现在事务局算很进步了,只需要把身分证放在一台机器上,按下按钮,机器就会打印出已经印上身分证的申办书,办理的人只要再黏上自己的照片和填写一些数据就可以了。
由于这不是纪若宝的护照第一次被偷,她非常清楚流程,没多久她便将申办书填写完毕,拿着号码牌等叫号办理了。
此时,身旁一位女子连续打了几个喷嚏。
“需要卫生纸吗?”总是习惯给予旁人帮助的纪若宝说话的同时,已经拿出面纸递给身旁的女子。
女子捂着口鼻,点头道谢,然后赶忙抽出一张面纸擦拭口鼻,等整理完毕,女子这才抬起头来,向纪若宝说道:“真的很谢谢你,我忘了带卫生纸。”
“不客气……不知道是不是我的错觉,我觉得你跟我长得好像有点像耶!”纪若宝盯着也有着一双大眼的女子说道。
的确,差不多长的头发、差不多的发色、差不多的五官……虽然彼此确定没有遗落在外的姊妹,但真的长得有点像。
“哈哈哈,好像是耶……啊!我踩到什么了吗?”女子觉得脚下好像踩到了什么东西,低下头捡起来,发现是身分证,她看了看身分证上的照片,再抬头看看纪若宝。“这应该是你的吧?”
“应该是我刚才拿面纸的时候不小心跟着掉出来的。
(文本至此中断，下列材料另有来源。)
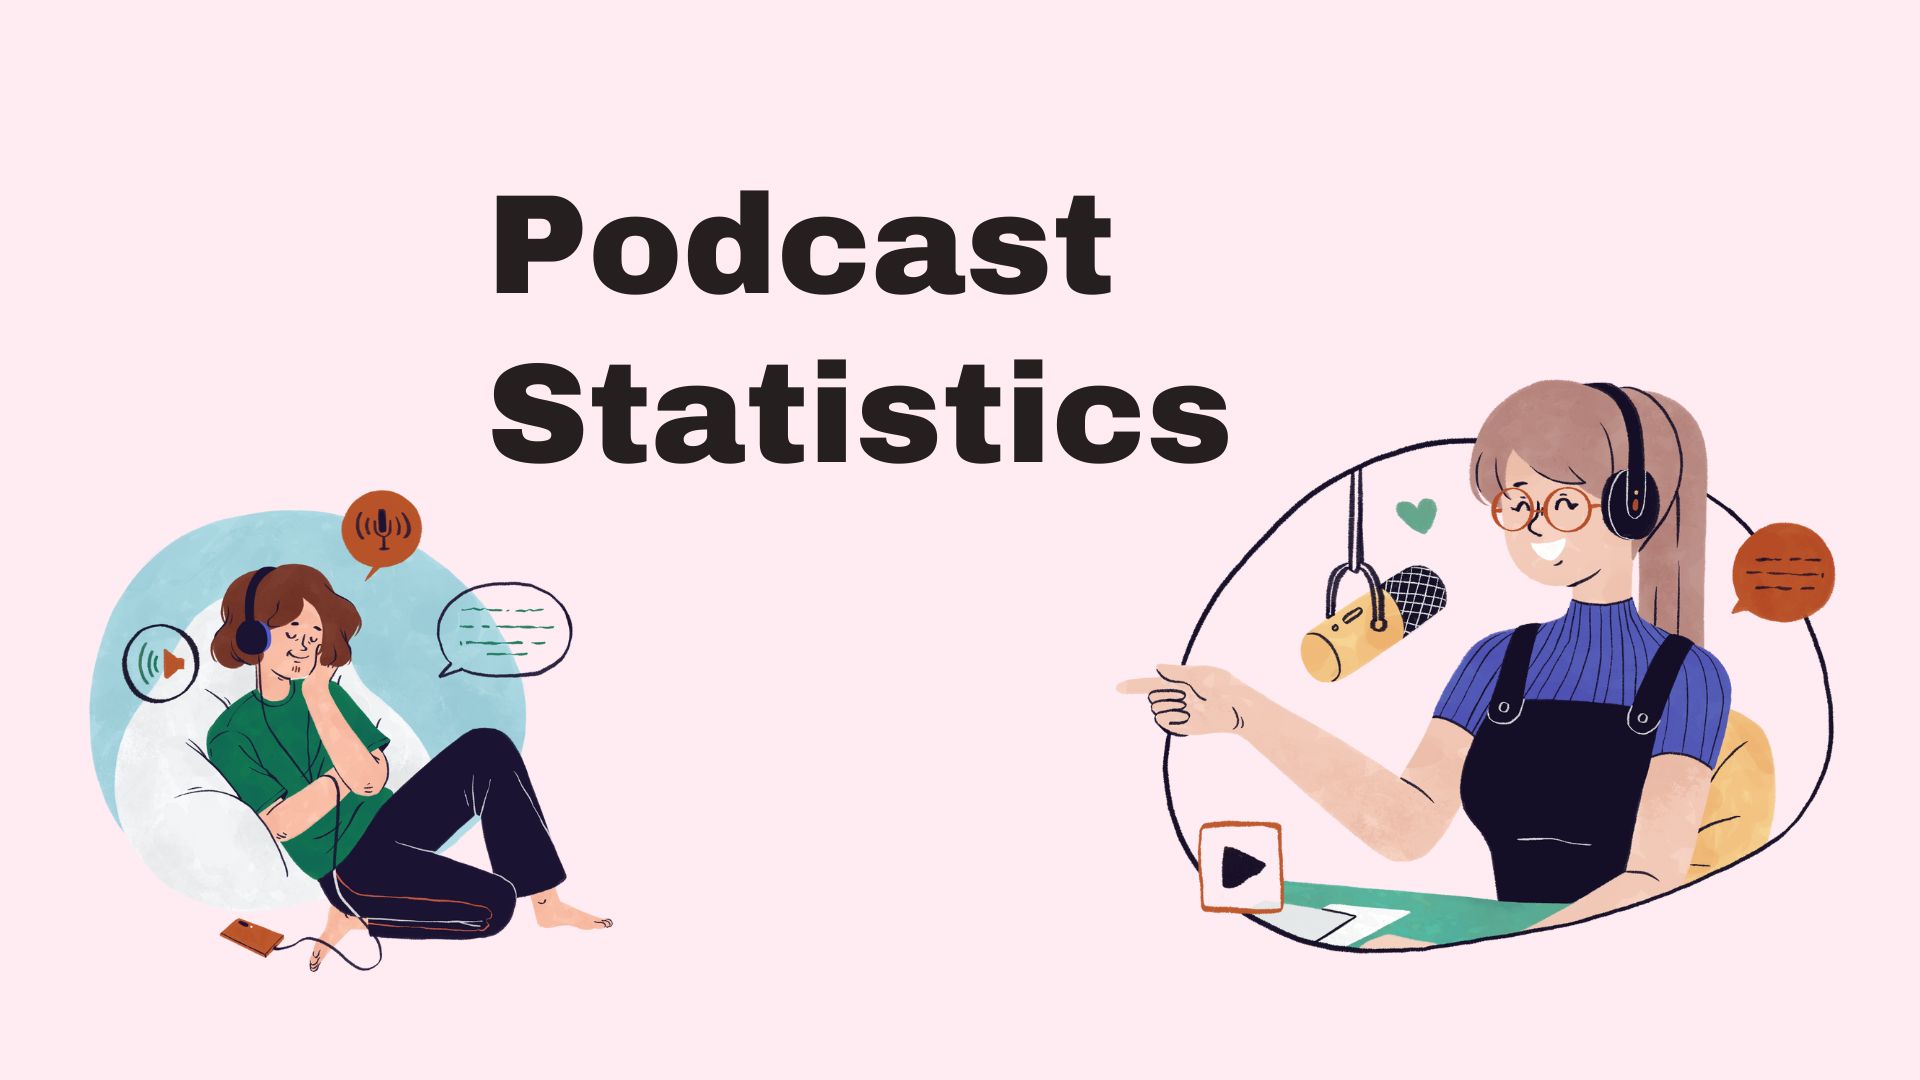 Podcast Statistics 2022 – Future, Demographics and Advertising Trends

”纪若宝回道。
全部东西都塞口袋,是有这样的风险。
女子玩味地再次看了看纪若宝和她的身分证。
“照片是今天拍的吧?因为发型和长度都没变,我也是今天补办身分证,我们身分证上的照片看起来也好像啊!”女子也从包包里拿出她自己的身分证,交到纪若宝手上。
纪若宝看了看,忍不住也笑了,“真的耶!搞不好我们说是姊妹,其它人也会相信呢!”
唉,台湾这么小,要遇到长得像的人,也不是多不可能的事!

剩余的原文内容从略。